─── Supplied data

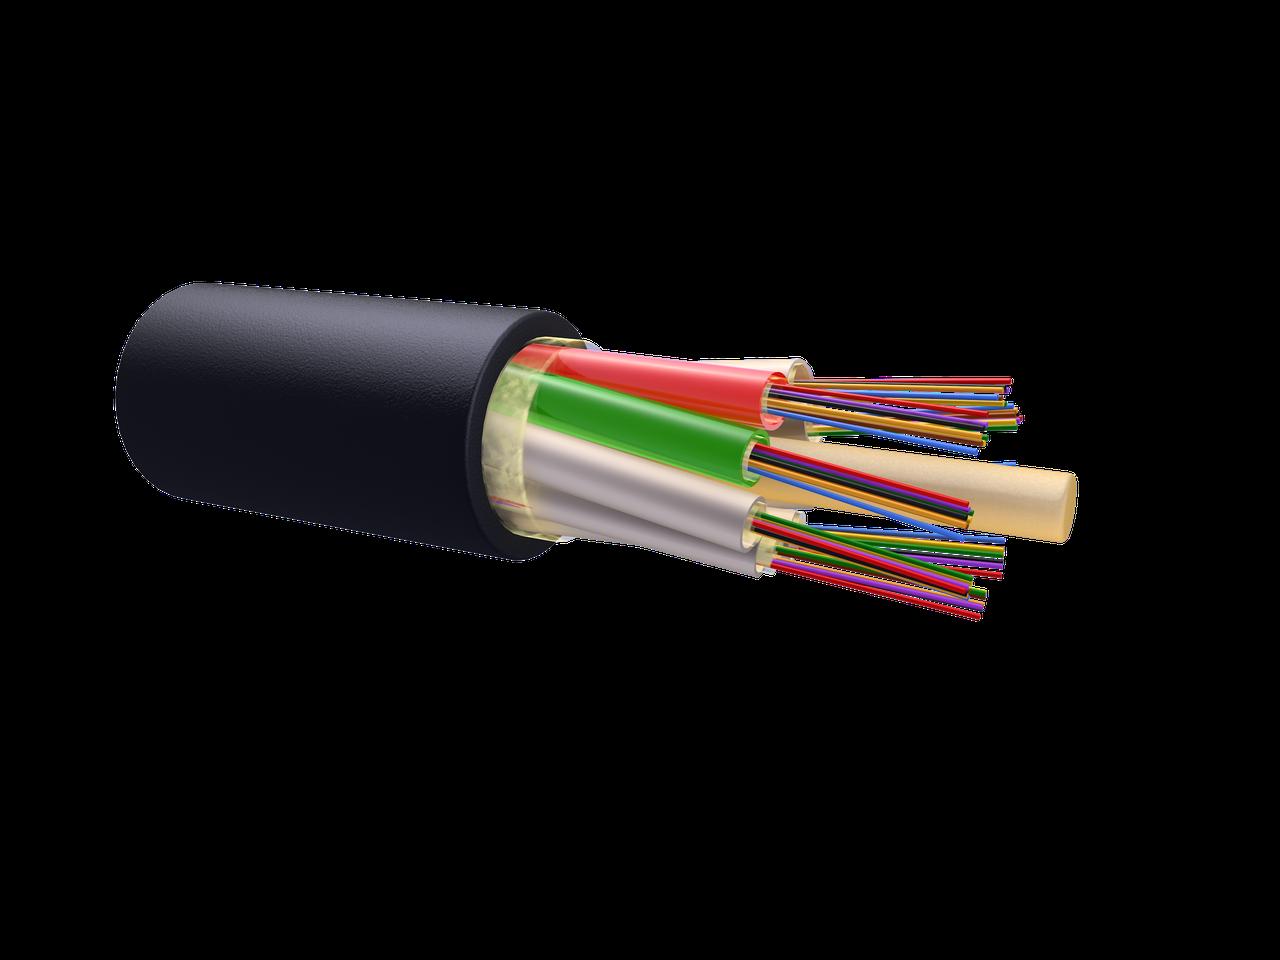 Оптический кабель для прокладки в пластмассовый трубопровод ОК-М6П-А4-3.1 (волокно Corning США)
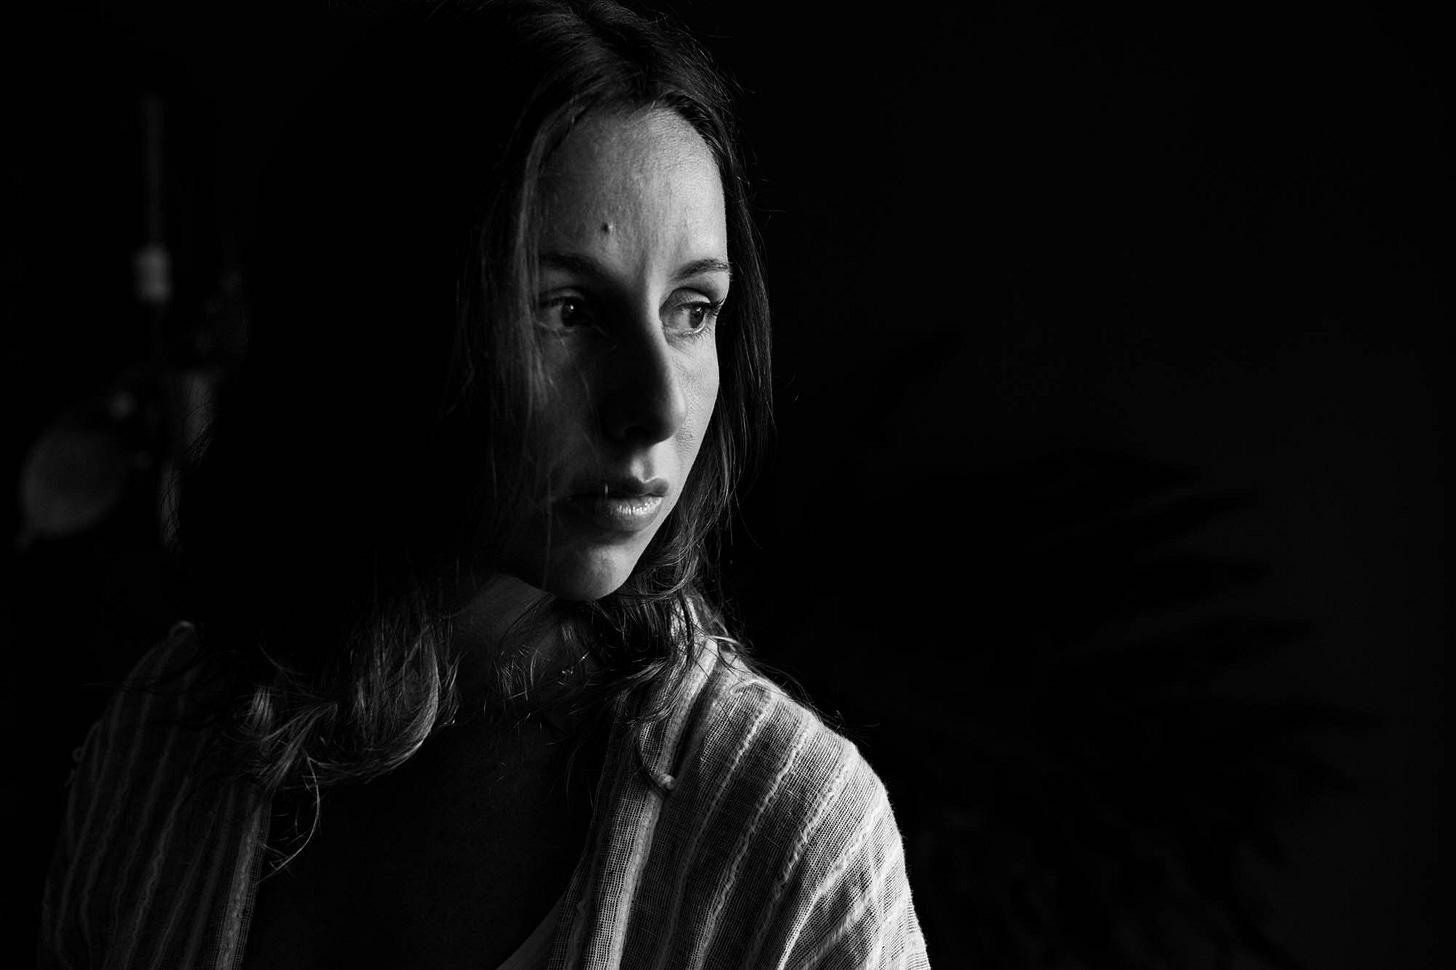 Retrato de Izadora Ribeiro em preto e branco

──────
─── Supplied data

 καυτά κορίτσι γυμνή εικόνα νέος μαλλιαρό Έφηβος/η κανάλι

──────
─── Supplied data

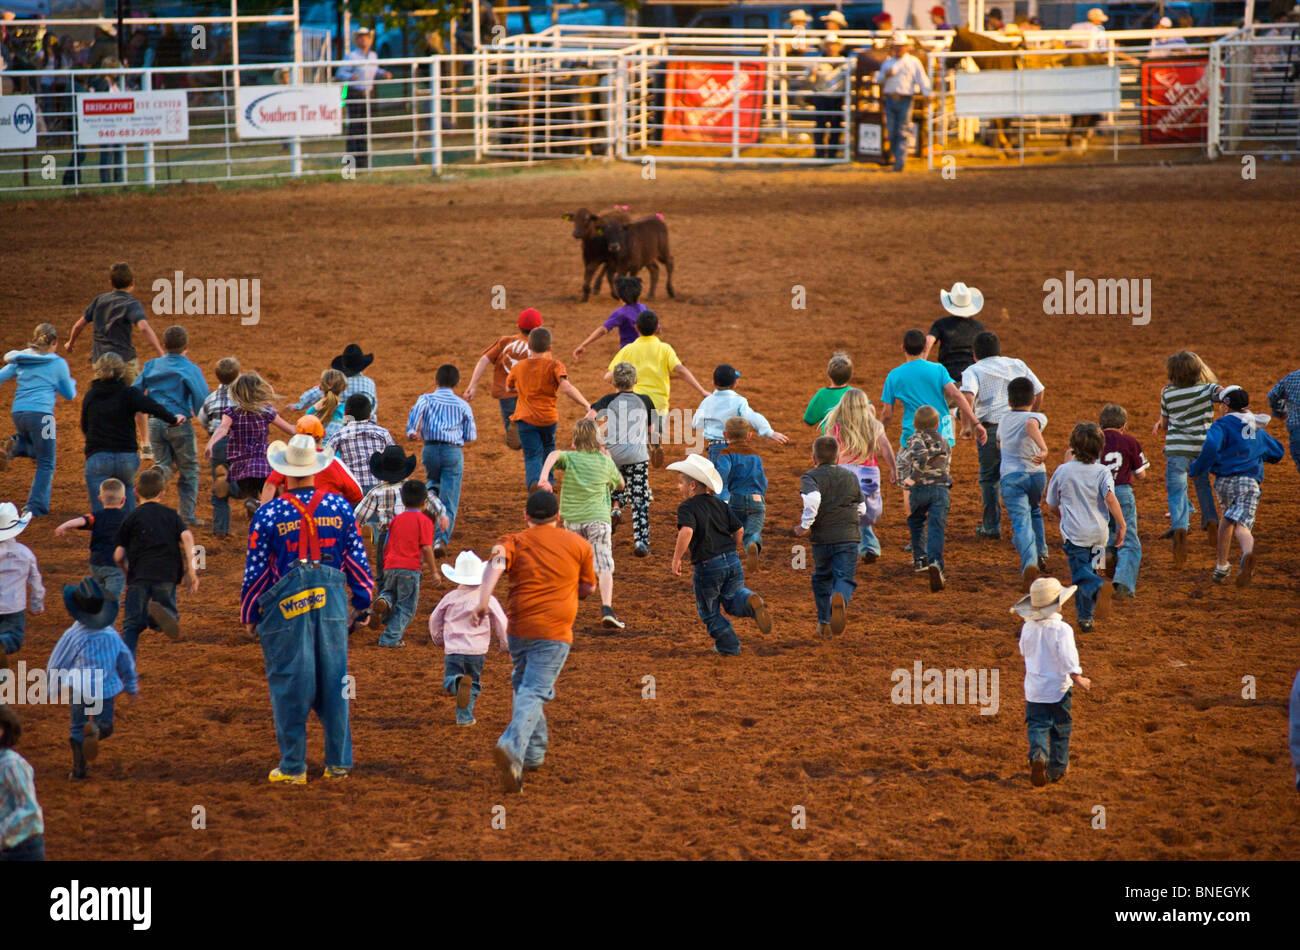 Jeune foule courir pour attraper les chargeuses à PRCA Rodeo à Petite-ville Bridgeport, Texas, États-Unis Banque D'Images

──────

## [Aim of the task]
In the entries above, find the line with "Оптический кабель для" and the line with "Retrato de Izadora Ribeiro em preto e branco". Write out exactly those two lines and every line between them, pictures excluded.

## [Response for this exercise]
 Оптический кабель для прокладки в пластмассовый трубопровод ОК-М6П-А4-3.1 (волокно Corning США)
 Retrato de Izadora Ribeiro em preto e branco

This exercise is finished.